**ACTION ITEM**
Print the listing as it stands, omitting all images.

**DATASET SECTION**
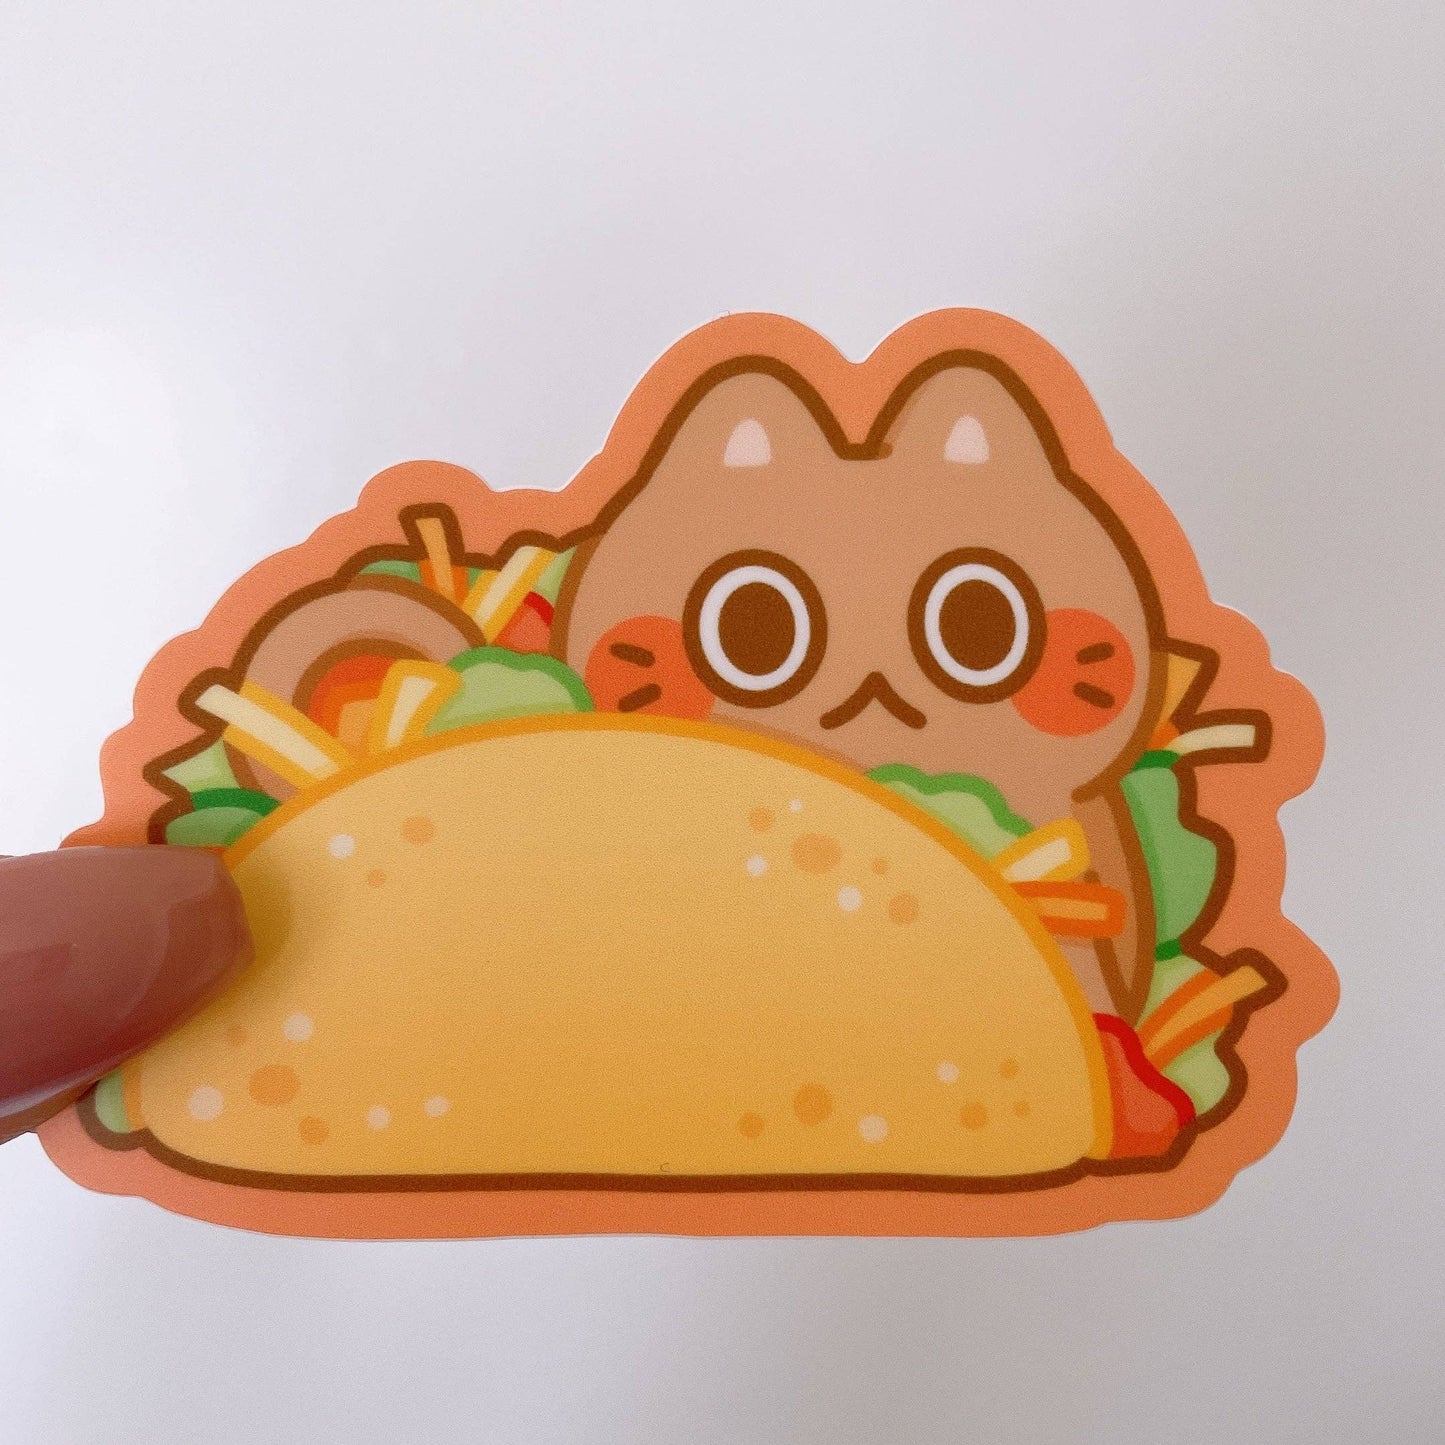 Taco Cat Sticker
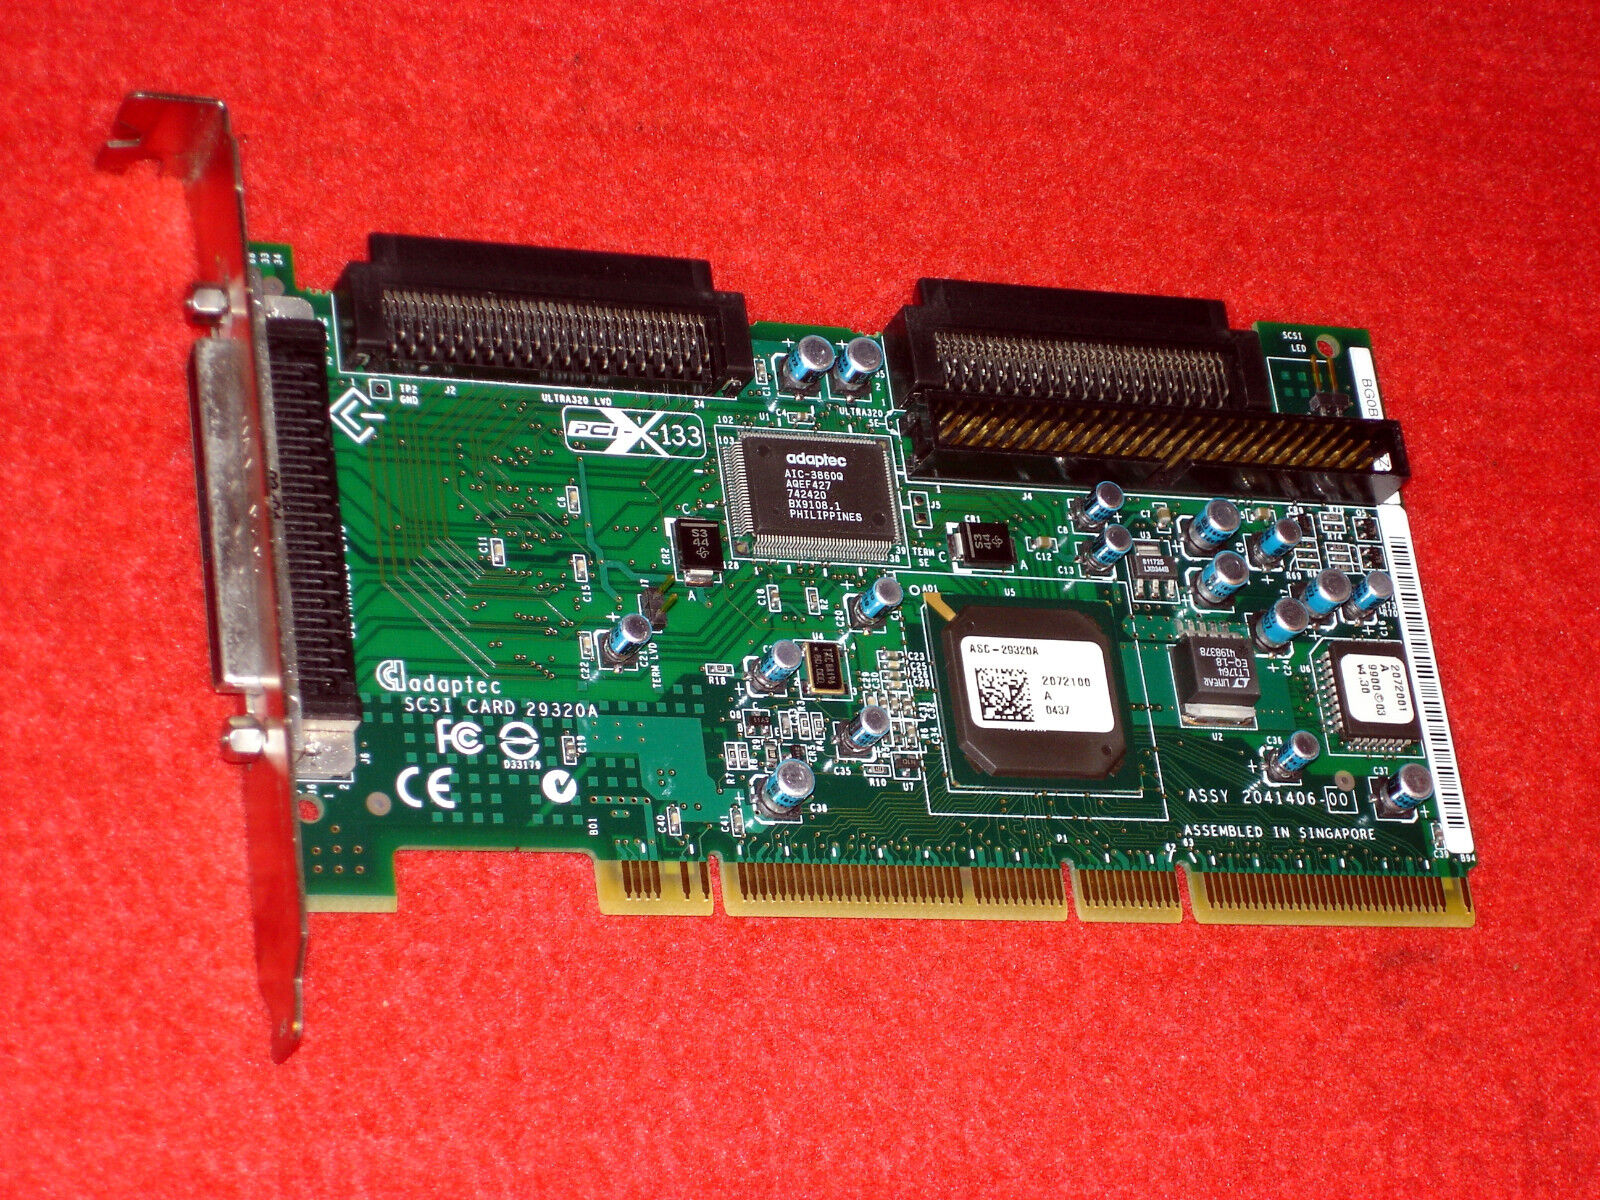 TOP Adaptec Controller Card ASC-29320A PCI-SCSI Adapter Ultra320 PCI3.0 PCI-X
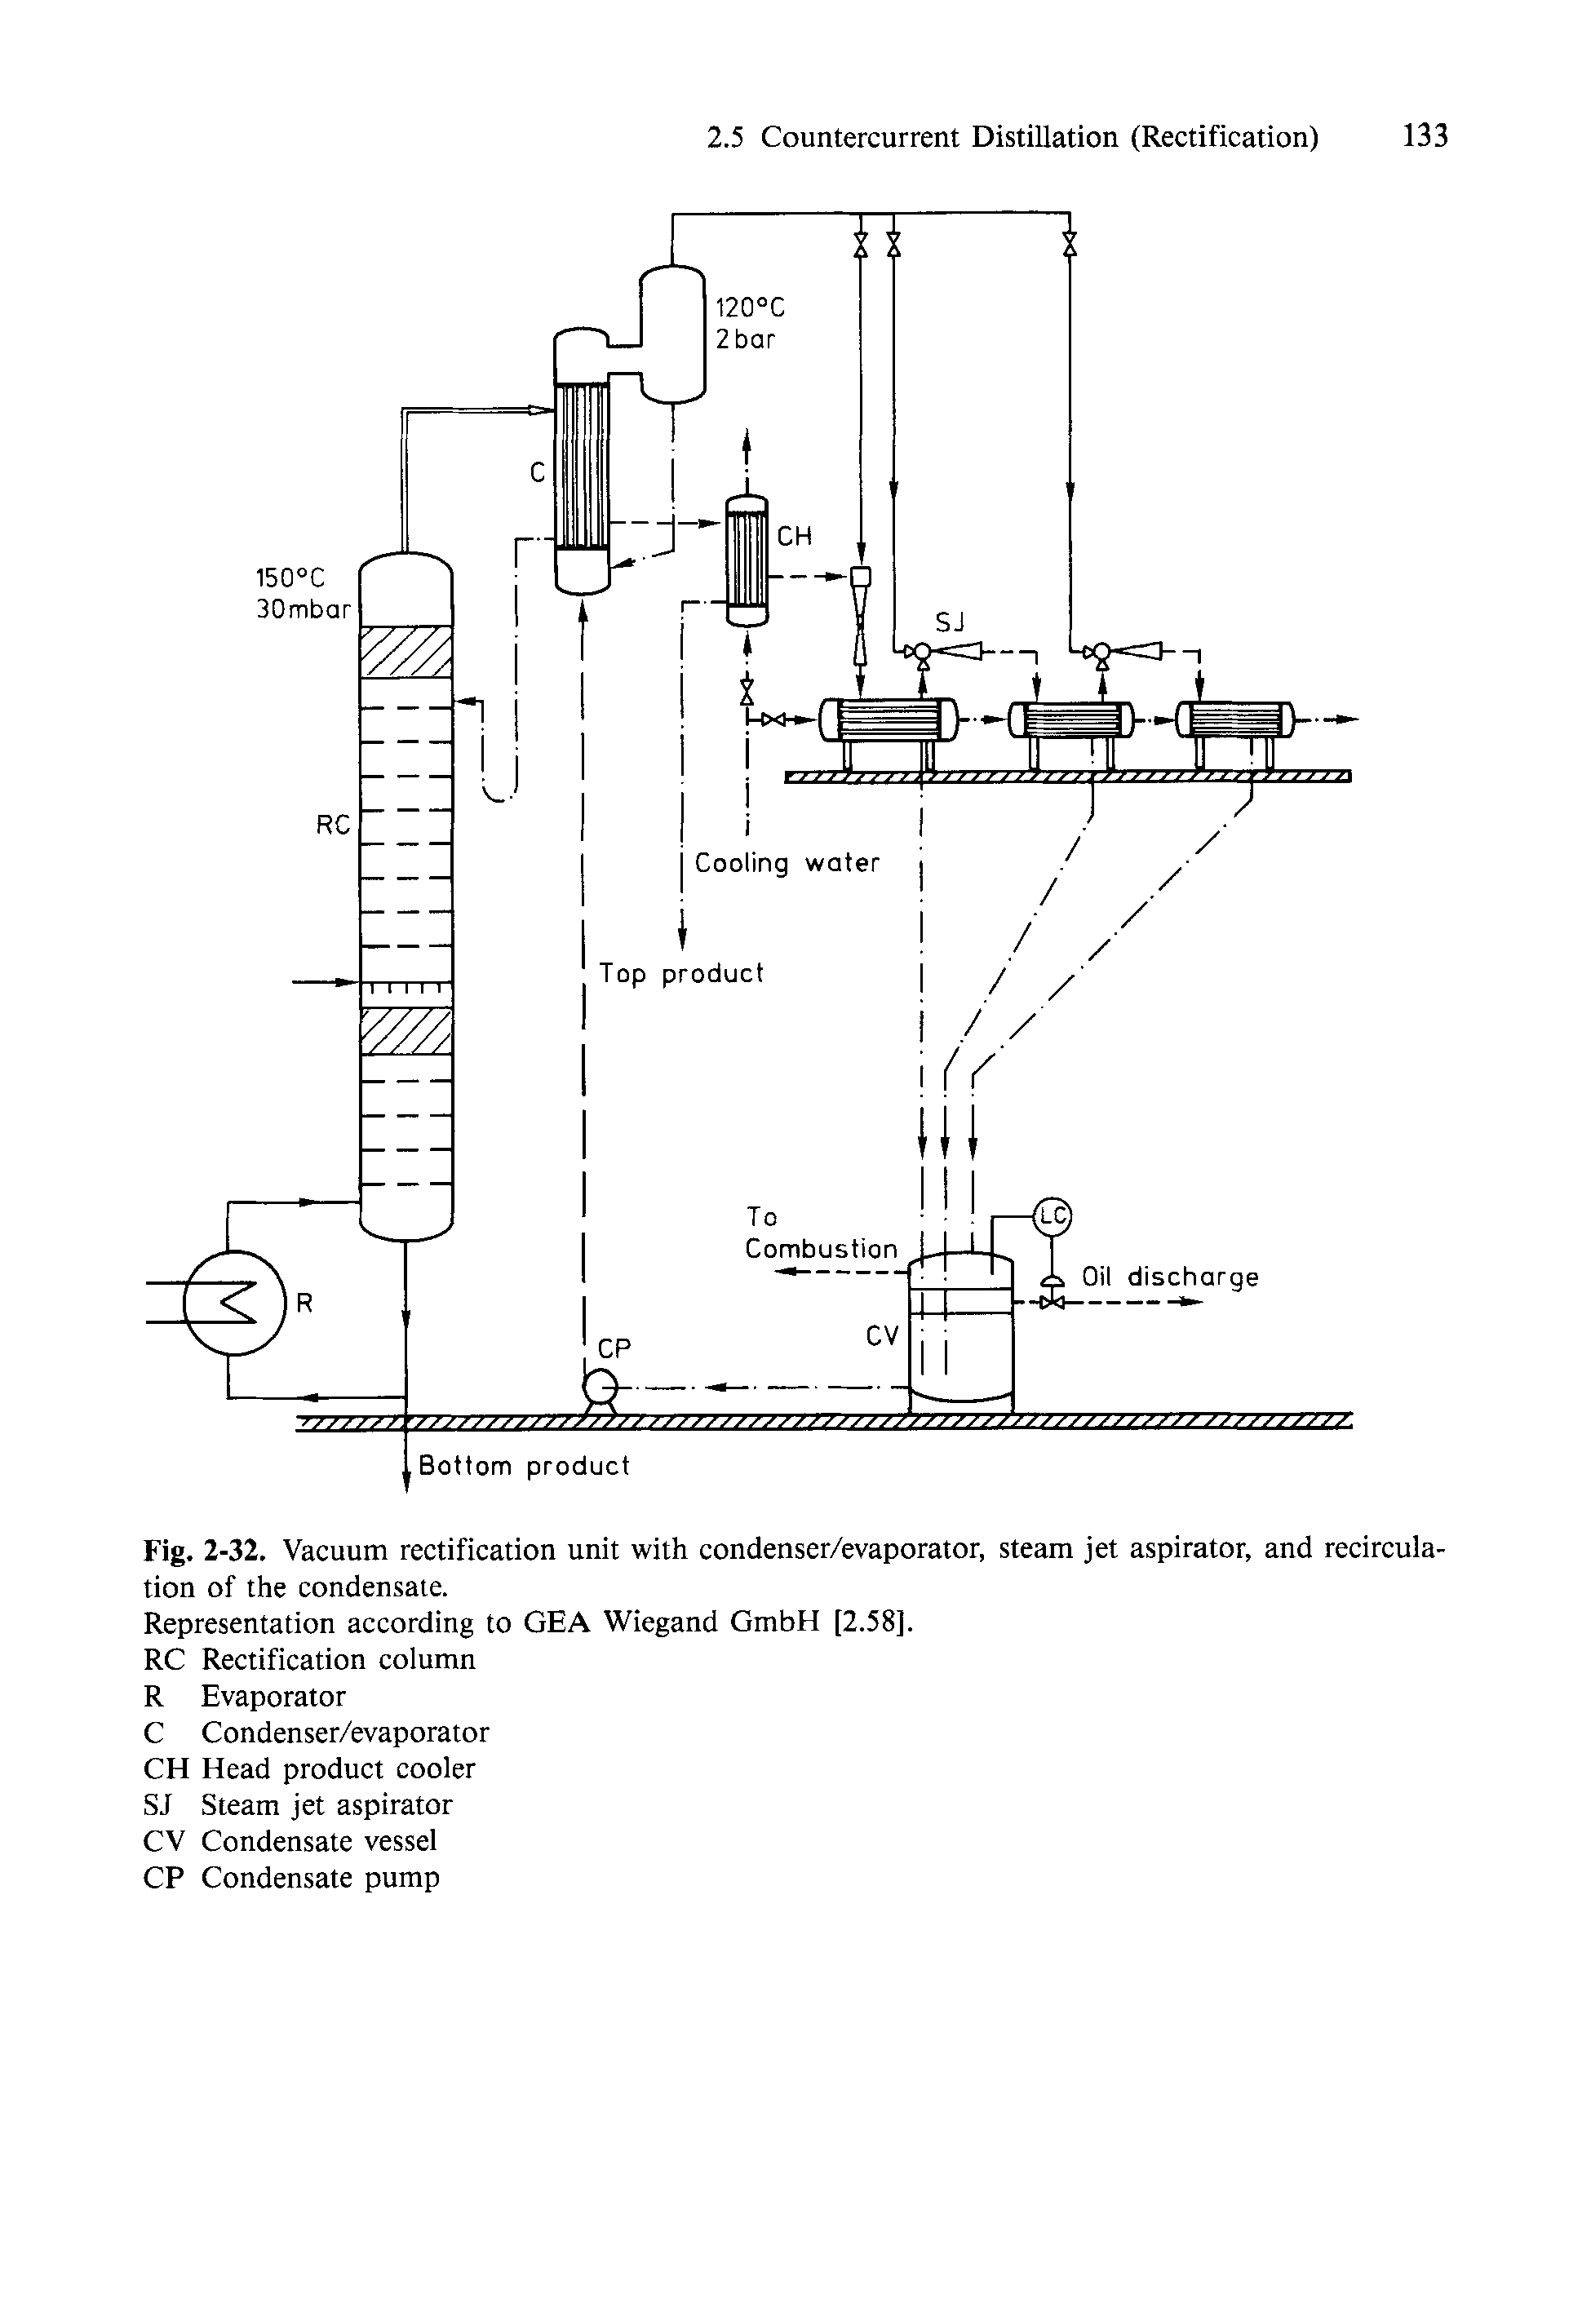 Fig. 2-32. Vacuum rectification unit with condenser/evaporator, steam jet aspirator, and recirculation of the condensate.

**SOLUTION FOR THIS EXERCISE**
 Taco Cat Sticker
 TOP Adaptec Controller Card ASC-29320A PCI-SCSI Adapter Ultra320 PCI3.0 PCI-X
 Fig. 2-32. Vacuum rectification unit with condenser/evaporator, steam jet aspirator, and recirculation of the condensate.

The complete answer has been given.